Question

Calculate the lattice energy of NaBr(s), given the following thermochemical equations, where ΔIE and ΔEA are ionization energy and electron affinity, respectively.

Na(s) → Na(g) ΔHf° = +107 kJ

Na(g) → Na+(g) + e– ΔIE = +496 kJ

1/2 Br₂(g) → Br(g) ΔHf° = +112 kJ

Br(g) + e– → Br–(g) ΔEA = –325 kJ

Na(s) + 1/2 Br2(g) → NaBr(s) ΔHf° = -361 kJ

A. –751 kJ
B.+29 kJ
C. –1401 kJ
D.–29 kJ
E.+751 kJ

Answer 1

The lattice energy for NaBr(s) is calculated using the Born-Haber cycle and Hess's Law by adding the sublimation energy. The correct answer is option E.

Step-by-step explanation:

To calculate the lattice energy of NaBr(s) using the given thermochemical equations, we can apply Hess's law and the Born-Haber cycle. The relevant stages in the Born-Haber cycle include sublimation of sodium, dissociation of bromine, ionization of sodium, electron affinity of bromine, and finally the formation of NaBr(s).

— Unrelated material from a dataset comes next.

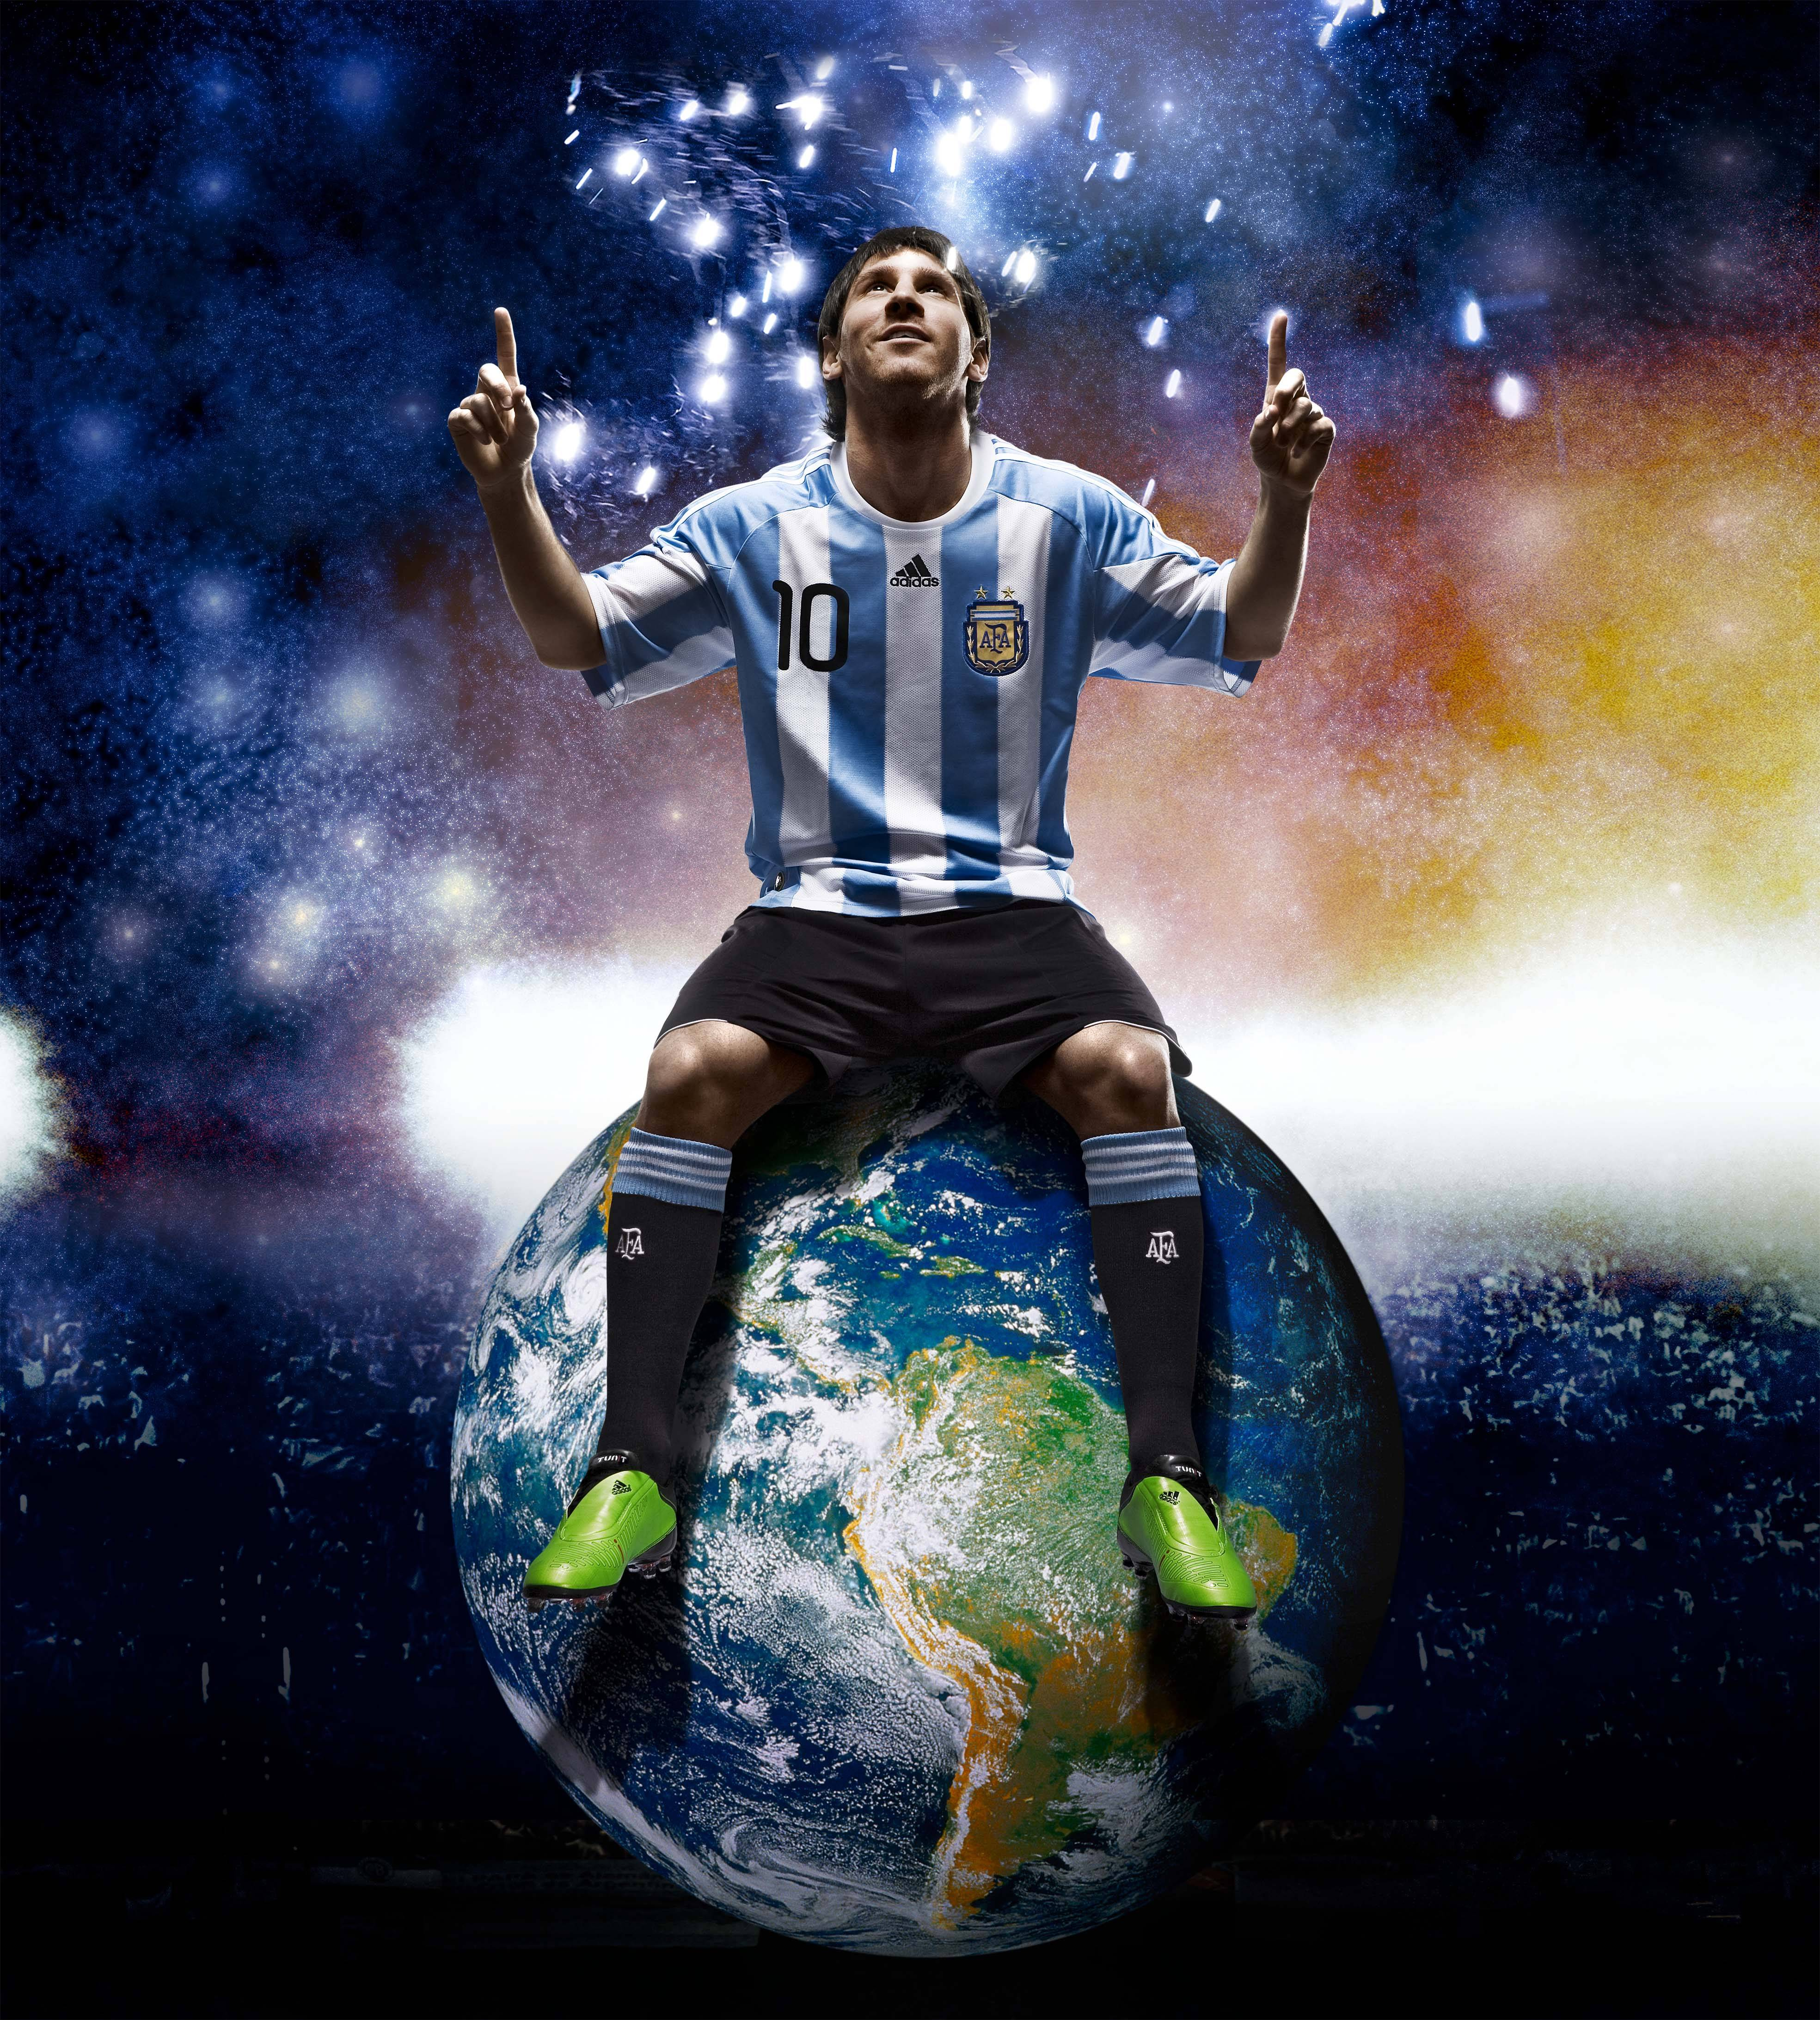 Messi Wallpapers 2017 >> Messi HD Wallpapers 1080p 2017 - Wallpaper Cave

The lattice energy of NaBr(s) can be found using the following steps: Sublimation energy of Na(s) to Na(g): +107 kJ. Ionization energy of Na(g) to Na+(g): +496 kJ. Dissociation energy of Br2(g) to 2 Br(g): (112 kJ) / 2 = +56 kJ. Electron affinity of Br(g), to form Br-(g): -325 kJ.

Heat of formation of NaBr(s), from Na(s) and 1/2 Br2(g): -361 kJ. By summing these values, we get: (+107 kJ) + (+496 kJ) + (+56 kJ) - (-325 kJ) - (-361 kJ) = +751 kJ. Therefore, the calculated lattice energy for NaBr(s) is +751 kJ, which corresponds to answer choice E.